Objective: Liver disease causes a loss of hepatic function, and remission is associated with improved functional hepatic mass. The object of the present study was to investigate whether liver metabolic function assessed by antipyrine clearance is related to other disease characteristics influencing response to therapy in chronic hepatitis C.
Methods: Patients (n = 96) received three different treatment regimens: one group received interferon alfa-2b for 48 wk; in a second group with maintained positive hepatitis C virus (HCV) RNA after 12 wk, interferon was combined for 36 wk with oral ribavirin; and patients who were relapsers or nonresponders to a previous therapy with interferon alone received interferon alfa-2b plus ribavirin for 48 wk.

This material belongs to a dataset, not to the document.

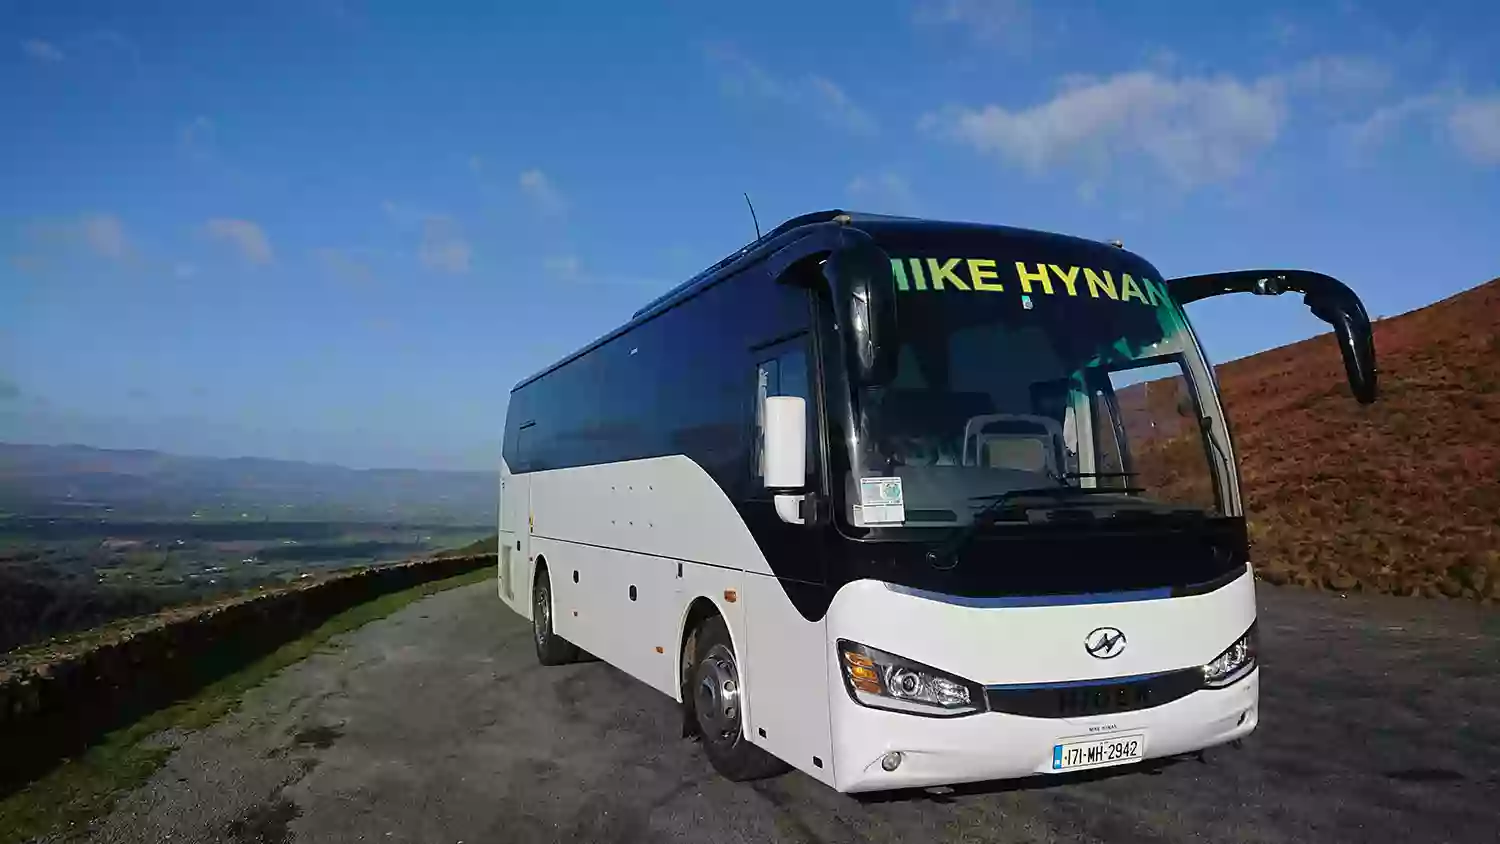 Hynan Travel

Results: Twenty-five patients (26%) showed sustained normalization of ALT levels and negative HCV RNA 6 months after therapy. The response was more likely to be sustained in patients with a genotype other than 1 (52.0% vs 15.5% in patients with genotype 1, p < 0.001), and the percentage of sustained responders was higher among patients who demonstrated negativity of HCV RNA at the end of 4 wk of treatment (64% vs 13% without negativity, p < 0.001). Sustained response was associated with significantly lower baseline serum ferritin (-46%, p < 0.01) and duration of infection (-33%, p < 0.01). Baseline antipyrine clearance was higher in sustained responders than in nonresponders (+19%, p < 0.05) and lower in genotype 1 patients than in those with a genotype other than 1 (-24%, p < 0.05). Antipyrine clearance increased by 12% at the end of the 48-wk course of treatment among sustained responders (+34% vs nonresponders, p < 0.001) and still remained elevated at the end of the follow-up (+35% vs nonresponders, p < 0.001).
Conclusion: In summary, the present study shows that liver oxidative metabolism is related to antiviral response rates and suggests that much of the effect is explained by viral genotype.